Still, I was thinking of a function $f_n : (0,1) \to \mathbb{R}$, $$ f_n(x) = \sin^n \left(\frac{\pi x}{2} \right) $$ and if we took the $n$ to infinity, it would give $$ \lim_{n \to \infty} f_n(x) = 0 $$

From that, I thought that there might exist some $f_n$ that $y=f_n(x)$ does not meet $y=x$.

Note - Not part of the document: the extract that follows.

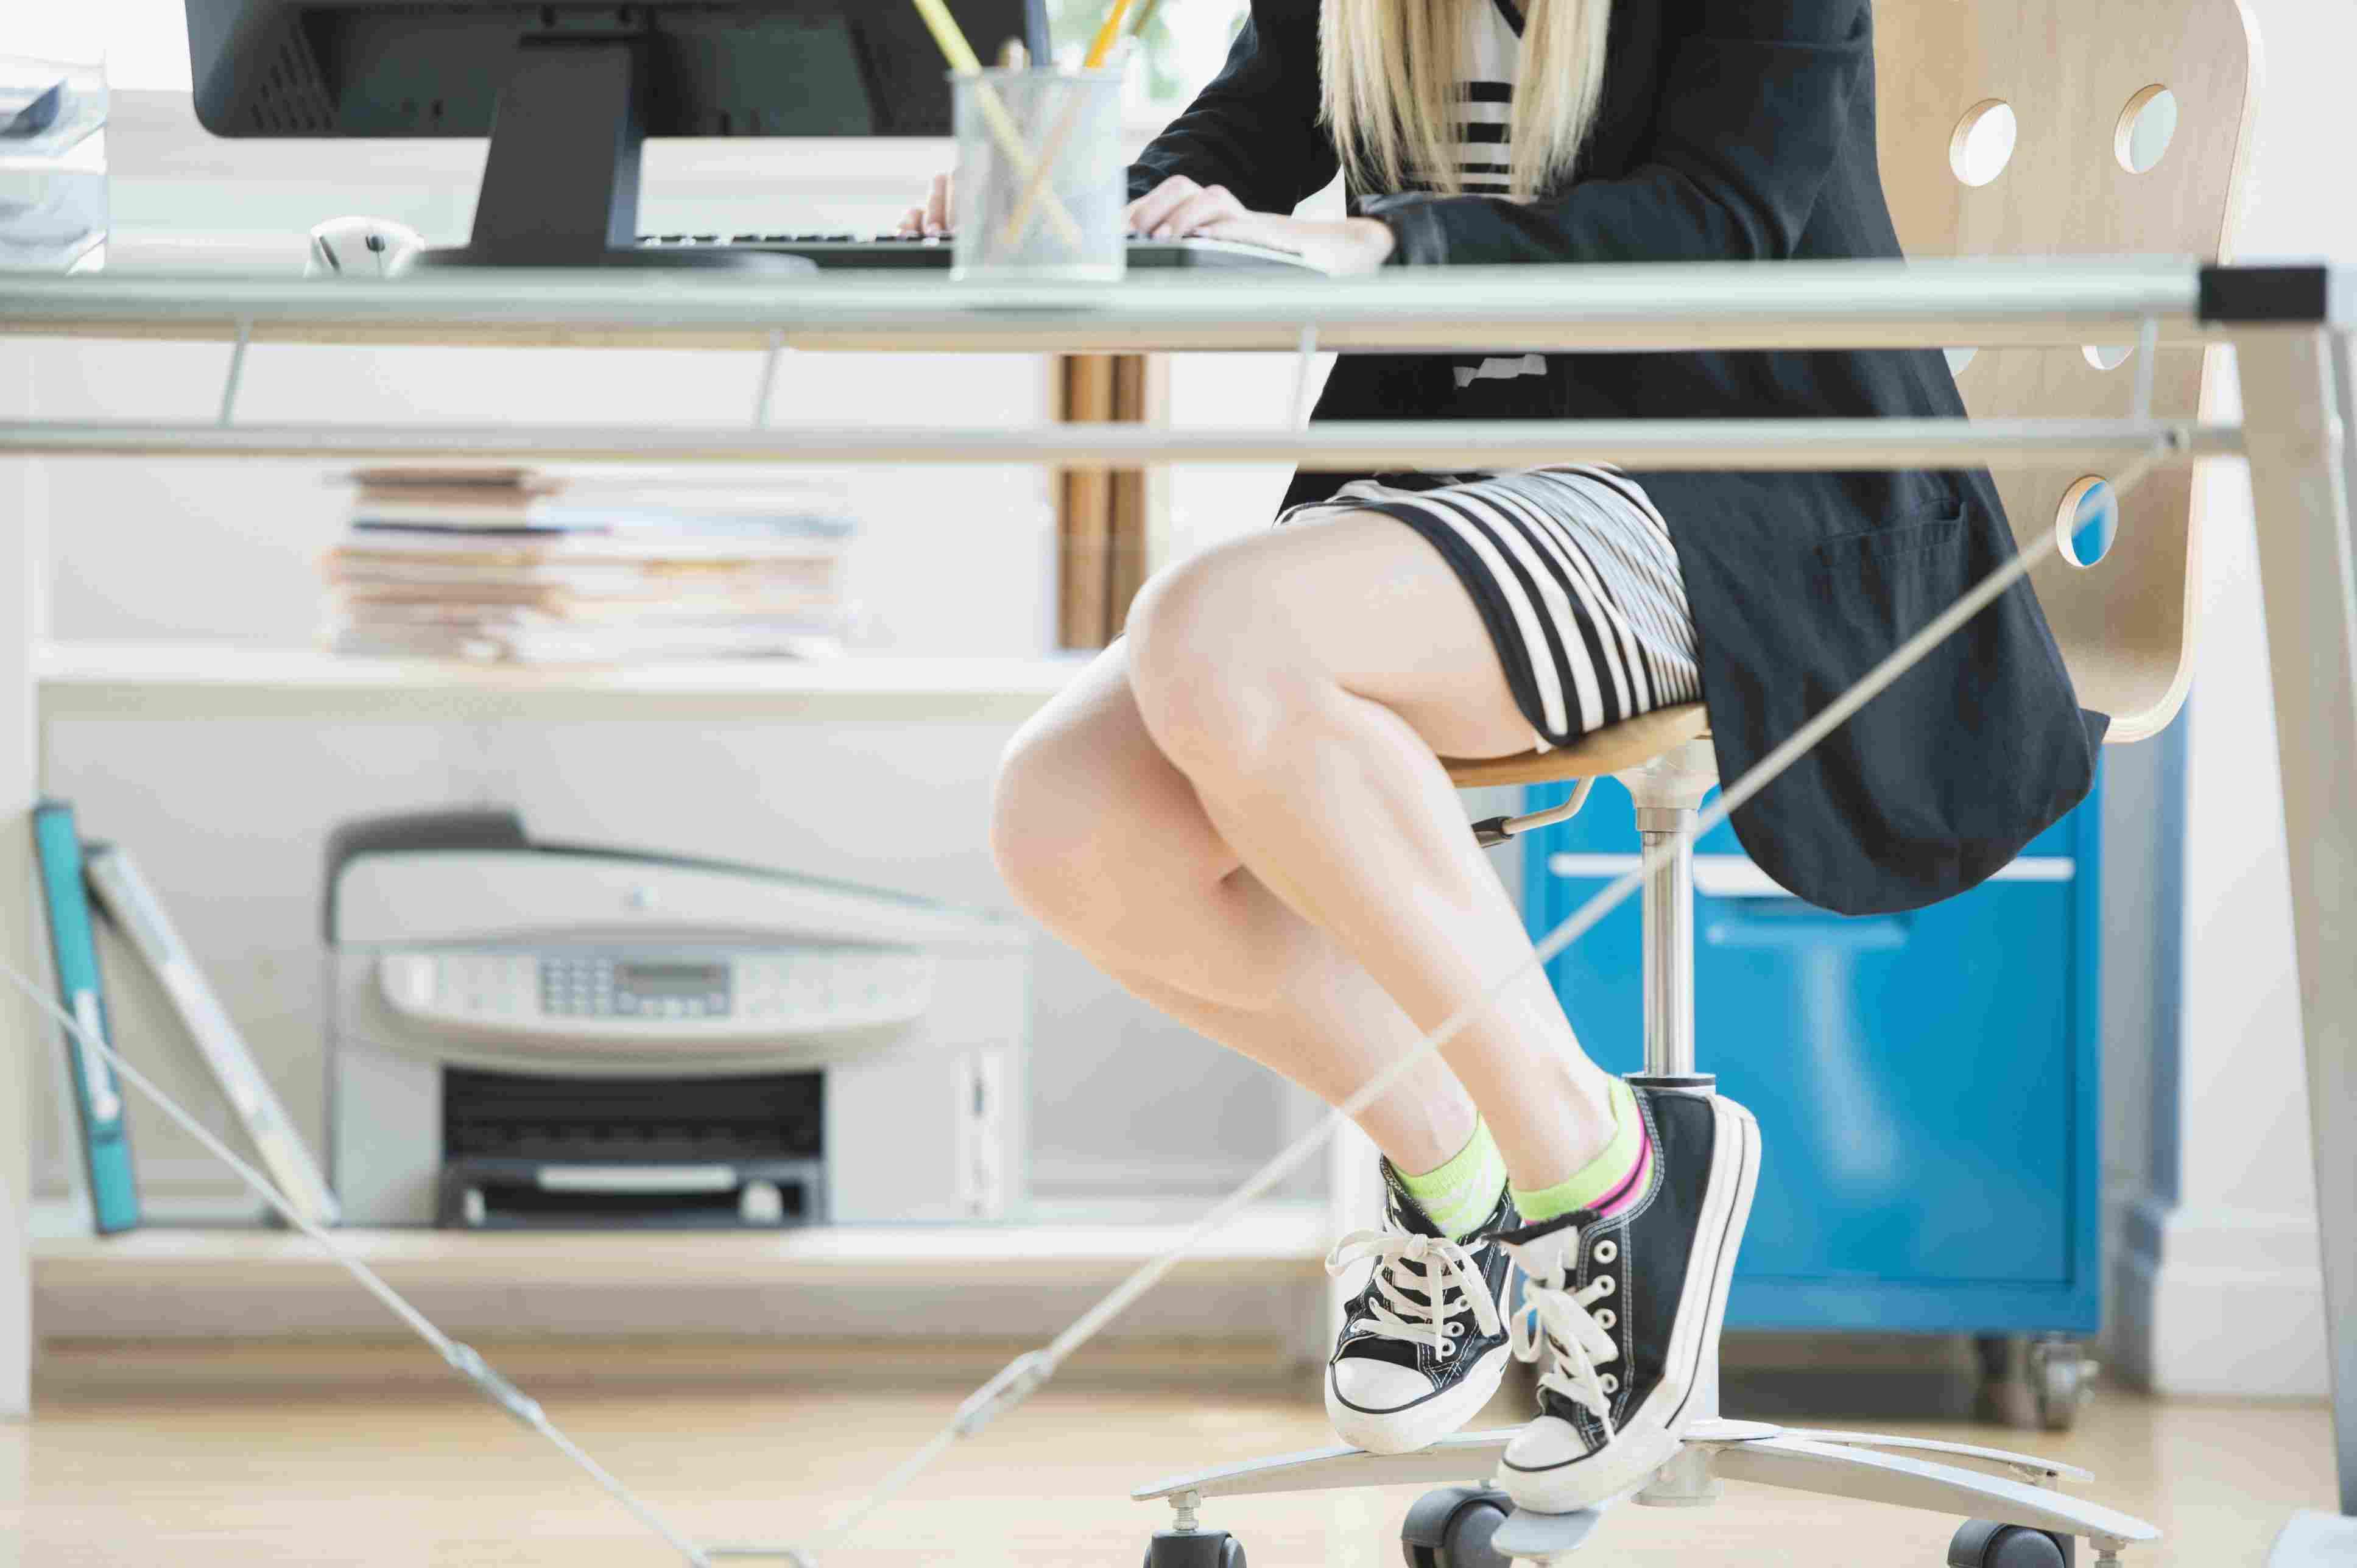 sitting desk wearing athletic shoes Jamie Grill Tetra images Getty 56a9db5f5f9b58b7d0ff8f16

I thought it this way since for every $x \in (0,1)$, $\lim_{n \to \infty}f_n (x) = 0$, I could use $\epsilon - N$. To be specific, for given $x \in (0,1)$, I have taken $\epsilon = x$, then exists a natural number $N$ such that the following holds: $$ n \ge N \Rightarrow |f_n(x)| < x $$

I thought that this means that for that point $x$, $(x,f_n(x))$ is below $(x,x)$, and hence will not meet $y=x$.

Since I can take such $N$ for every point in $(0,1)$, I thought that $y=f_n(x)$ and $y=x$ will not meet for some large $N$.

But my instructor told me it will always meet since the function is pointwise convergent, but not uniformly convergent. I do not have enough knowledge of these concepts, so I am asking help for them.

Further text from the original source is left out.